Sporadic incidences of human poisonings have occurred in the United States, the Soviet Union,
and Canada; while major epidemics have been reported in Japan, Pakistan, Guatemala, Ghana,
Yugoslavia, and Iraq (Bakir et al., 1973; Clarkson and Marsh, 1982; Das et al., 1982; Elhassani,
1983; Greener and Kochen, 1983). In Iraq, for example, a major mercury poisoning occurred in
the early 1970s, with 6530 hospital admissions and 459 hospital deaths (Bakir et al., 1973;
Amin-Zaki et al., 1974; Marsh et al., 1977, 1987; Das et al., 1982; Elhassani, 1983; Choi et al.,
1978; Inouye, 1989).
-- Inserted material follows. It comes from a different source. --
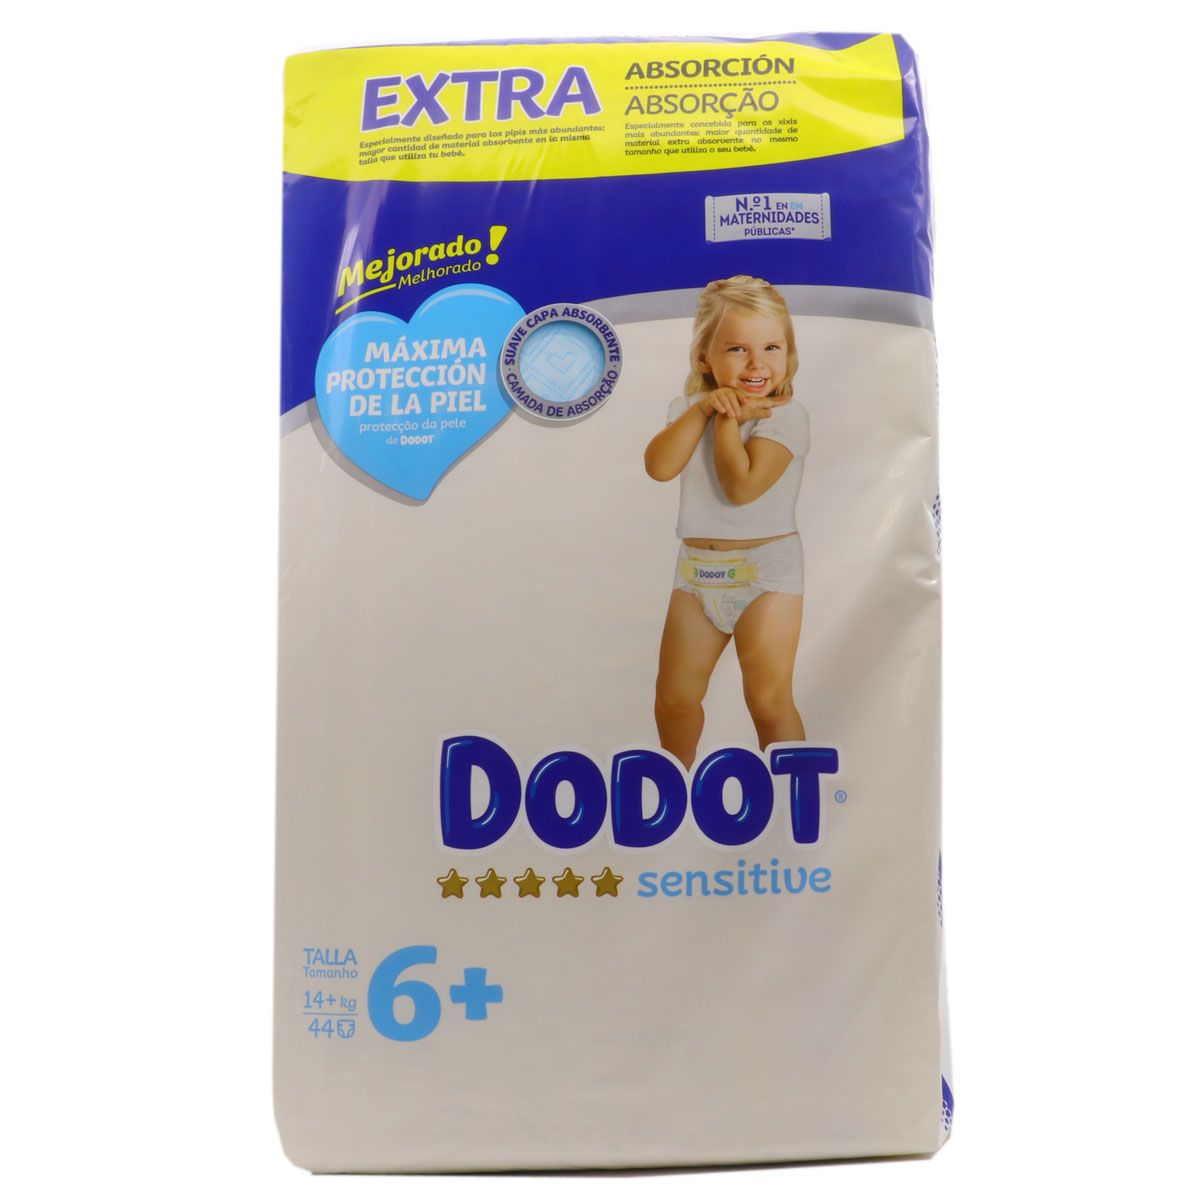 Dodot Sensitive Diaper Size 6+ 44 units

In 1970, the Iraqi government decided to import seed grain from Mexico,
owing to a serious wheat shortage throughout Iraq. About 73,200 metric tons of seed wheat were
imported and distributed between September and November of 1971. The seed had been treated
with a methylmercury fungicide and colored with a red dye; it was delivered in 50-kg sacks with
a warning written in Spanish. A skull and crossbones was painted on the outside of each sack to
indicate that the seed had been treated with poison. However, both Spanish and the skull and
crossbones insignia were totally unfamiliar to the Iraqi farmers and the people decided to make
home-made bread instead of using the grain for seed; about half the wheat was consumed for this
purpose. The water-soluble red dye was washed off the wheat, with the assumption that the
mercury would be equally soluble (it was not). Before human consumption of the wheat, the
farmers fed the wheat for a few days to chickens and other livestock without apparent effect; it
was not realized that a lengthy latency period was involved. The wheat flour contained 4.8 to
14.6 mg methylmercury/kg, far in excess of the 0.5 mg Hg/kg regulatory limit. Consumption of
the bread lasted 1 to 2 months, and the first cases of poisoning appeared at the end of December
1971. In 1972, there were 6530 reported cases within 18 months, including 459 deaths, among
Iraqi farmers who ate bread made from seed wheat treated with a methylmercury fungicide.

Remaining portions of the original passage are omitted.